The ear drops never cured the problem but definitely seemed to give Thelma relief until recently. He has been scratching so much at the ears that he makes them bleed and then when I put the drops in to try to clean the ears out, it is agony for him because the ears are so raw. The vet has told me that he can't sedate Thelma to look deeper into the ears because he has a severe heart murmur. I am afraid to take him back to the vet because the cleaning of his ears is so incredibly painful for him I don't want to put him through it. I was wondering if you had ever seen a cat with ears that filled up wtih this type of material/dark brown/red gunk when it wasn't mites? I was also wondering if you had any ideas of something that I could use to soothe his ears or give him some relief from the pain/itch that wouldn't burn? Any ideas would be helpful. I always take my cats to the vet but after two vets, several visits and lots of money, I'm out of options. Any advice or help would be appreciated.

Thanks,
Suzanne


Online vet, Dr. Marie

Dr. Marie replied:

Oh, poor Thelma. I'm sorry to hear that you and Thelma have been through such a difficult time.

Ear problems in cats can be frustrating. I'll tell you how I would approach a problem like this. Some of this may be done, but it's also possible that the vets got fixed on the possibility of ear mites and missed a few other steps.

Do you know if a cytology and a culture has been done? These are tests to determine if there is yeast or bacteria in the ears and if so, what medications would be the best to use to clear them up.

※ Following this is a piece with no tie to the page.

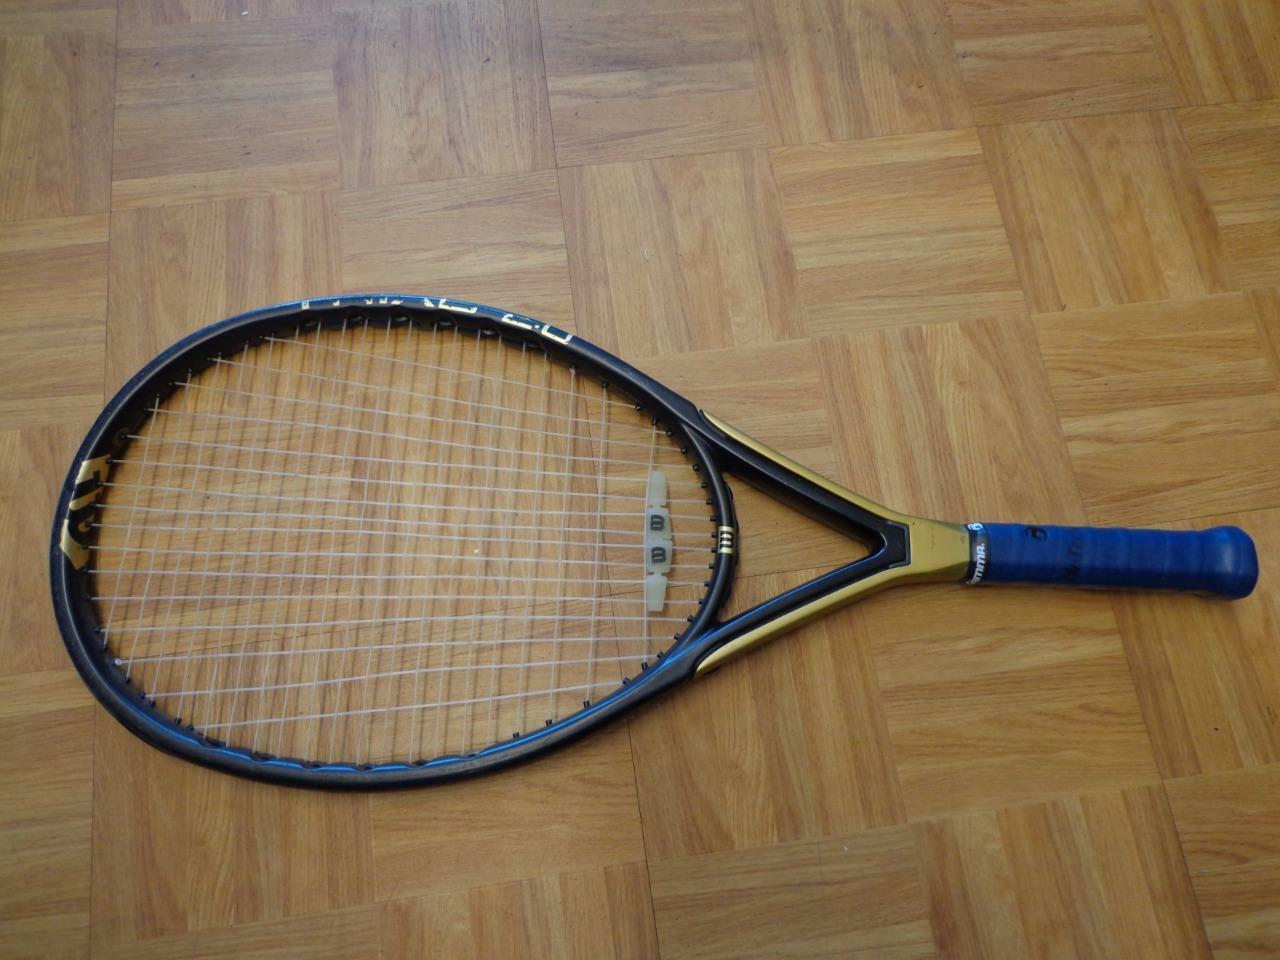 Martillo 2.0 Wilson Triad cabeza de gran tamaño 125 4 3 8 Grip Tenis Raqueta

It's interesting that Thelma's ears started to get better with the antibiotics. If they didn't clear up totally it's possible that either the ears weren't treated for long enough, or that the infection was a resistant type of bacteria.

What I normally do when I treat an infection is treat for 2 weeks with a product that is good against whatever is there (i.e. yeast/bacteria or combo) and then a few days later I do another cytology test to see if we need to treat for longer.

If this problem is clearing up but not going away completely then there may be an underlying issue with allergies. Switching to a prescription strength hypoallergenic food may help this from coming back once any infection is cleared up.

Additionally I may prescribe some steroid medication which really helps with the itchiness. If this keeps coming back, then a small dose of steroids given orally ever 2-3 days may do wonders. Or, with some cats I will prescribe a steroid medication to put in the ears periodically if they are flaring up.

I wish I could give you an at home solution but it really sounds like more needs to be done medically.

One thing I could suggest is asking your vet for a referral to a veterinary dermatologist. These vets are used to seeing chronic difficult to treat problems like this and are usually very good at getting down to the final answer.

I hope he is feeling better soon!

Dr. Marie.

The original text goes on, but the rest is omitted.